Nehru, Patel and Ambedkar backed the construction of a strong Indian state, which they thought was required to tide over the Partition trauma, the war over Kashmir, and to reconcile contradictory interests to work for the common good. Yet Somnath Lahiri-s famous remark in the Constituent Assembly that "many of these fundamental rights had been framed from the point of view of a police constable" rings so true now. This is because the powers constitutionally vested in the state have become a weapon to silence those seeking to change the state-s behaviour.

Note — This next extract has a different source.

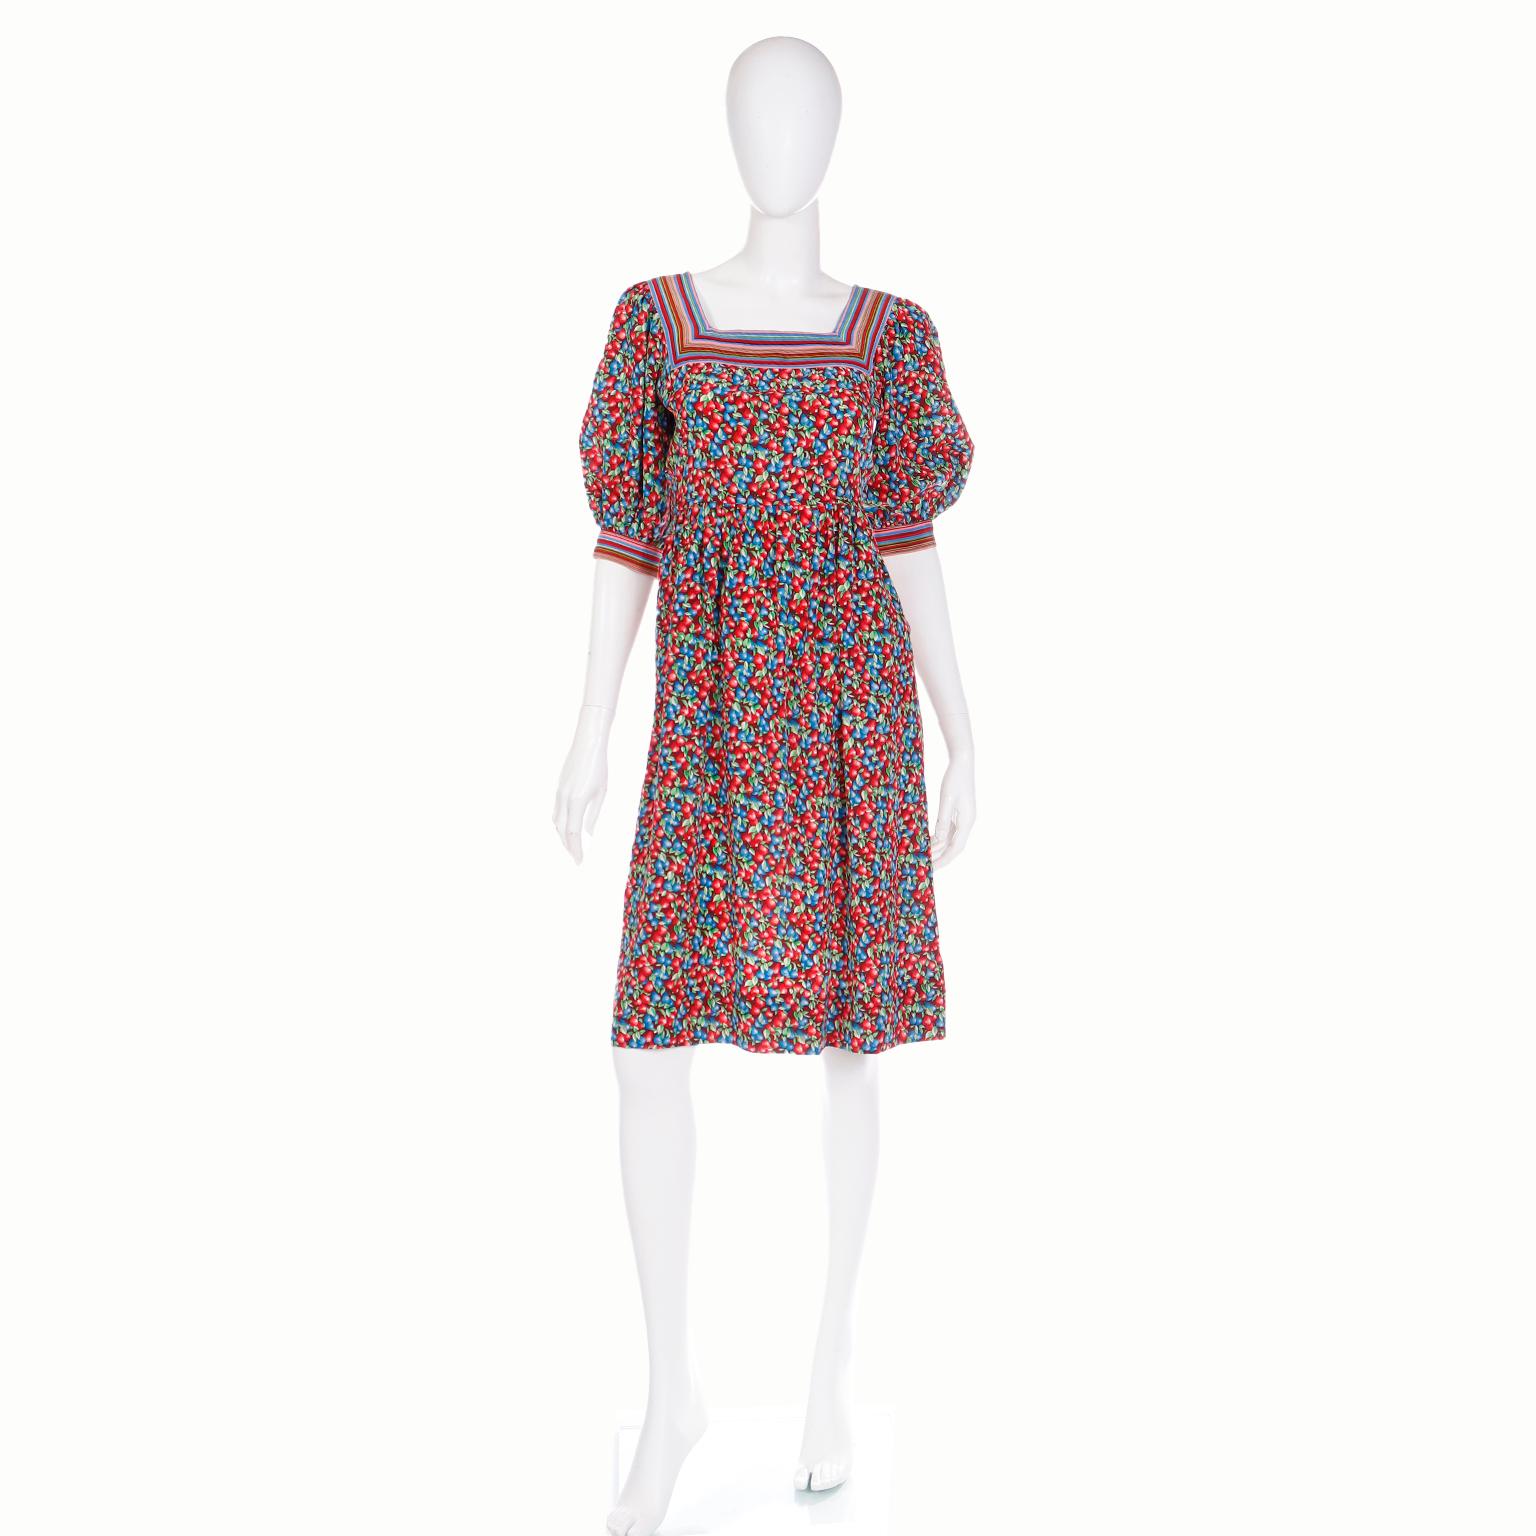 Vintage Emanuel Ungaro dresses are know for their beautiful prints and luxe fabrics. This vintage late 1970's or early 1980's silk dress is in a red and blue berry fruit print in shades of blue, red, green and pink with colorful  stripes at the

These powers are often aimed at protecting and promoting the interest of the middle class-upper caste, which largely keeps away from transformational politics. This has increasingly turned just about every protest into a sectional one. Agrarian movements fail to muster the support of other occupational groups; the fight of Muslims on citizenship issues degenerated into theirs alone, as was also the case with the 2018 protests of Dalits. Will the Coronavirus panic have taught the middle class to pressure the state to rebuild the health infrastructure? Fond hope, but whoever lost anything by hoping!